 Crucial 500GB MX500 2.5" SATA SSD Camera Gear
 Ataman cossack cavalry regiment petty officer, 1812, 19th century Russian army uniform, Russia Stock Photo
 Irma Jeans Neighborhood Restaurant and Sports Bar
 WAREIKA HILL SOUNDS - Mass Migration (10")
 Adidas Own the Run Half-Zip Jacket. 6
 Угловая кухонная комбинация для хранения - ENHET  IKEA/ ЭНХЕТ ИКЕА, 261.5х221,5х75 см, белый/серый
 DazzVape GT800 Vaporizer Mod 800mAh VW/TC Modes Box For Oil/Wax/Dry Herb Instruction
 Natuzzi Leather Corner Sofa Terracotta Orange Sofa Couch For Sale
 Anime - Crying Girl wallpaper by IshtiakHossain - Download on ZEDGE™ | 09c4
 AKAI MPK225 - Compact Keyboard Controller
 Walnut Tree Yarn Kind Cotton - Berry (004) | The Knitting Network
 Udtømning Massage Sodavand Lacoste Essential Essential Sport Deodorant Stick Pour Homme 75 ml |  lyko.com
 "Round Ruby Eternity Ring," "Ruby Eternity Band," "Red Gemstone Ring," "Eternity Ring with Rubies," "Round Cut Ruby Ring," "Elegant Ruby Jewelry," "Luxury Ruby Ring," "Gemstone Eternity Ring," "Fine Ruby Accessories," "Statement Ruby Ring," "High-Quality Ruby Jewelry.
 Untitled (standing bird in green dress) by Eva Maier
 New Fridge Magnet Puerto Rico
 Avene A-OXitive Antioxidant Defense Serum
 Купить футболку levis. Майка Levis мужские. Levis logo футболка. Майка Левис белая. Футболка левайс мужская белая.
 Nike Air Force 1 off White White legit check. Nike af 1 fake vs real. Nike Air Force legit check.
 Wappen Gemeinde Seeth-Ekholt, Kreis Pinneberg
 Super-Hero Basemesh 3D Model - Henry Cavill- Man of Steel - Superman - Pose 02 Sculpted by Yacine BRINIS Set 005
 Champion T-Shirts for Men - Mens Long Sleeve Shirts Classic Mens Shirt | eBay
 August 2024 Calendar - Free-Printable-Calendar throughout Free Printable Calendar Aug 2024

• **WHAT IS NEEDED**: What is asked for is an exact copy of the lines above from the one containing "DazzVape GT800 Vaporizer" through the one containing "Купить футболку levis.", and only those.

• **SOLVED PROBLEM**:
 DazzVape GT800 Vaporizer Mod 800mAh VW/TC Modes Box For Oil/Wax/Dry Herb Instruction
 Natuzzi Leather Corner Sofa Terracotta Orange Sofa Couch For Sale
 Anime - Crying Girl wallpaper by IshtiakHossain - Download on ZEDGE™ | 09c4
 AKAI MPK225 - Compact Keyboard Controller
 Walnut Tree Yarn Kind Cotton - Berry (004) | The Knitting Network
 Udtømning Massage Sodavand Lacoste Essential Essential Sport Deodorant Stick Pour Homme 75 ml |  lyko.com
 "Round Ruby Eternity Ring," "Ruby Eternity Band," "Red Gemstone Ring," "Eternity Ring with Rubies," "Round Cut Ruby Ring," "Elegant Ruby Jewelry," "Luxury Ruby Ring," "Gemstone Eternity Ring," "Fine Ruby Accessories," "Statement Ruby Ring," "High-Quality Ruby Jewelry.
 Untitled (standing bird in green dress) by Eva Maier
 New Fridge Magnet Puerto Rico
 Avene A-OXitive Antioxidant Defense Serum
 Купить футболку levis. Майка Levis мужские. Levis logo футболка. Майка Левис белая. Футболка левайс мужская белая.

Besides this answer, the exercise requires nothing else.